I know I don't know the whole story. It's hard to put everything in just a short sentence. Everyone has their boundary lines on how far they can go with a relationship. Trust is huge. He is definately not perfect, but at least he is trying. 

I know it is hard. I've been there. The best of luck.


----------



## Anna1974 (Mar 13, 2009)

I understand after reading your story how difficult this must be for you. I understand full well what its like to deal with that situation. I agree with Suade, is he trying? I know people do change and get better if they activly seek councling. Addiction is a very difficult road for everyone. Only truly strong bonds hold together marriages that have been rocked by addiction. I understand how angry you must feel at this time but there is so much more involved in a divorce.I would hate for you to make a choice right away that you may regret later.
My advice would be to look at him as an indivdual and see if he really has been 100% committed to you (like you posted) and is making positive changes. Does he recognize his addiction? Like Lisa posted has his actions over the last year mached his words? Does he abuse you or your children verbaly or physically? Most of all do you still love him? 
I have been in your shoes and I can tell you that people do change and things do get better. Not everyones perfect but if we all turned our backs on addicts who would really be left. 
I wish the best for you!


----------



## Chloe123 (Mar 12, 2009)

Thank you for your responses. There is no form of physical or verbal abuse. He is actually quite good to me and recently told me that he feels like we're on our second honeymoon. 
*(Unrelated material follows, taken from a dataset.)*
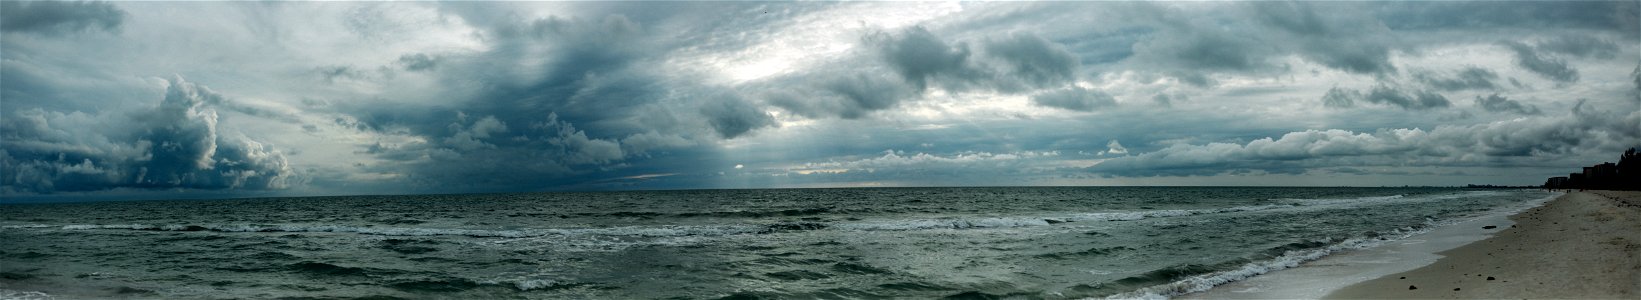 Beach Clouds Landscape photo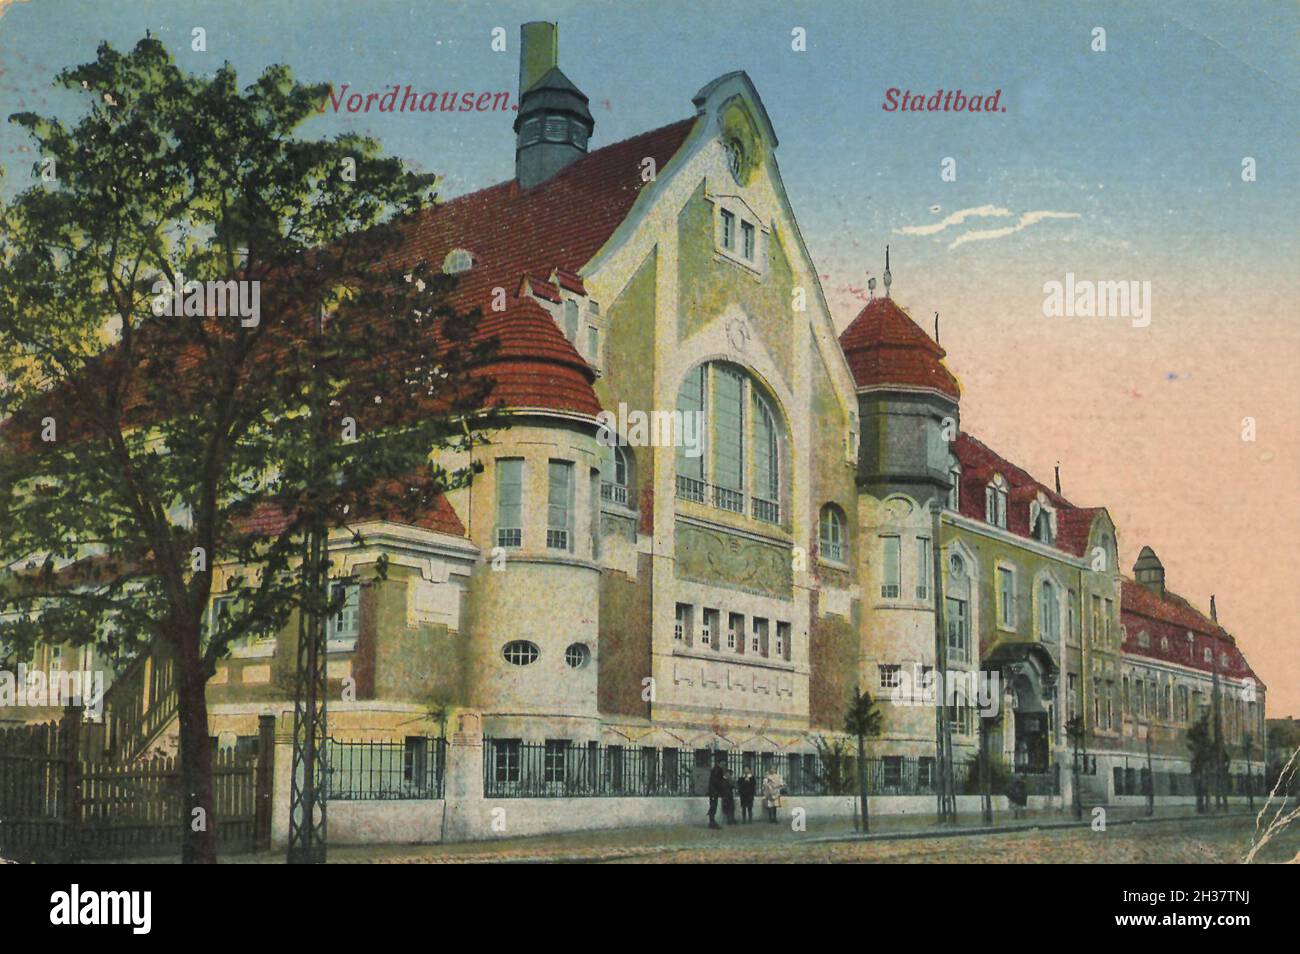 Stadtbad von Nordhausen, Thüringen, Deutschland, Ansicht von CA 1910, digitale Reproduktion einer gemeinfreien Postkarte Banque D'Images

As for counseling, he did go for about six months but there was no action plan. He just stopped cold turkey and said he would never do that again. In his words "I've buried it and it is in the past." My confusion is that I thought that it was something that one always dealt with. 

Him being nice on all other accounts makes the way I feel so difficult.

Keep me thinking! I get too muddled in my own thoughts to myself!


----------



## Anna1974 (Mar 13, 2009)

Our counsler told us that some people are just like that," cold turkey" kind of people. If he is good to you and your kids then there is hope to find that love and trust again. Did he admit to having a problem? I agree that he did cross the line in telling someone he had a crush on them. Did it say anything else that had to do with sex or leaving you. Not knowing what was said in the email I cant judge. I know this may come off as odd but I kinda agree with his counslor that this incident isnt marriage ending if it was just a fascination with someone. I think we all have had that. Much love to you!


----------



## Chloe123 (Mar 12, 2009)

Anna,

He did admit last year that he had an addiction but doesn't bring it up now and doesn't like it if I mention it because (in his words) it is "in my past". His emails do not discuss leaving us, having physical intimacty, etc.

While I agree that in itself the emails are not marriage ending it's yet another thing to deal with and he crossed the line. And what would be said if I would have caught them 3, 6 or 12 months from now?


----------



## Anna1974 (Mar 13, 2009)

Chloe

I was thinking that maybe more of the focus could be on how you and your husband could grow more together. Talk more on the boundrys and things that would help him talk more openly to you. It could be that he is afraid to say things that could hurt you. Men are dumb we all know that! But we love them anyway because they can do some wonderfull things for us. Its hard to speculate what could be, that can sometimes poision our minds to what really there. Its my opinion that if he didnt say anything about sex or leaving you in the two months that he met this person then he most likely would not have. You know him best not any of us. 
Best wishes to you! Let love rule!


----------